* Aim of the exercise: Your answer should be each line of the entries that contains the word "Half", copied in full.

[Records supplied Boundary: Start]

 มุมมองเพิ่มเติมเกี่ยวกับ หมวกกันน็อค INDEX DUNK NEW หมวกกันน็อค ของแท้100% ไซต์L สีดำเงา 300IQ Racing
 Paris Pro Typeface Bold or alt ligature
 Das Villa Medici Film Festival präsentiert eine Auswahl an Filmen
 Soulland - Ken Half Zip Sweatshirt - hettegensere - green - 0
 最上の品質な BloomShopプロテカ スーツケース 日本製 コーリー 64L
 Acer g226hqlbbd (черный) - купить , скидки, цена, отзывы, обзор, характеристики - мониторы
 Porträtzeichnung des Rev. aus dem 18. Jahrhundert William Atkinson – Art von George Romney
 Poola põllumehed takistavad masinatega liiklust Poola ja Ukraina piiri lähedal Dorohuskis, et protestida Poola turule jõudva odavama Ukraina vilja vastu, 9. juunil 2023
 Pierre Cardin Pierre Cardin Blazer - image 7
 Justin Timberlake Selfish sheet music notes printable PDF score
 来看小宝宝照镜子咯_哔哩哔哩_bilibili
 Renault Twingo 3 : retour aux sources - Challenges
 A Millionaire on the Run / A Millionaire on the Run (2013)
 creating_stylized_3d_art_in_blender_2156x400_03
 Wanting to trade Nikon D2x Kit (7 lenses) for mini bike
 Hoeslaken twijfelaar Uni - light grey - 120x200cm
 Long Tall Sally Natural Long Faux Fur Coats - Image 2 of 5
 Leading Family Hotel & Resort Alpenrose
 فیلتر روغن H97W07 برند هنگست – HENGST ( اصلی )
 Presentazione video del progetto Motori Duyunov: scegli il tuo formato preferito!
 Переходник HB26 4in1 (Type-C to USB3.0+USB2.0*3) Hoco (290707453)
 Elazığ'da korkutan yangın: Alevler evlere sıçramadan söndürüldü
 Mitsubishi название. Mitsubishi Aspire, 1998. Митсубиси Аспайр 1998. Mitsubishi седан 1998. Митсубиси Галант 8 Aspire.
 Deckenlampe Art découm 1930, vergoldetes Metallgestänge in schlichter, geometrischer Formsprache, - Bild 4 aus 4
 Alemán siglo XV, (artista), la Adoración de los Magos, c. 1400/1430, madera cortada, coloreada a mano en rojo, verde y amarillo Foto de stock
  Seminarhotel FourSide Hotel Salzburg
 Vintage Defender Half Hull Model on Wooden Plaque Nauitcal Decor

[Records supplied Boundary: End]

* Task answer:
 Soulland - Ken Half Zip Sweatshirt - hettegensere - green - 0
 Vintage Defender Half Hull Model on Wooden Plaque Nauitcal Decor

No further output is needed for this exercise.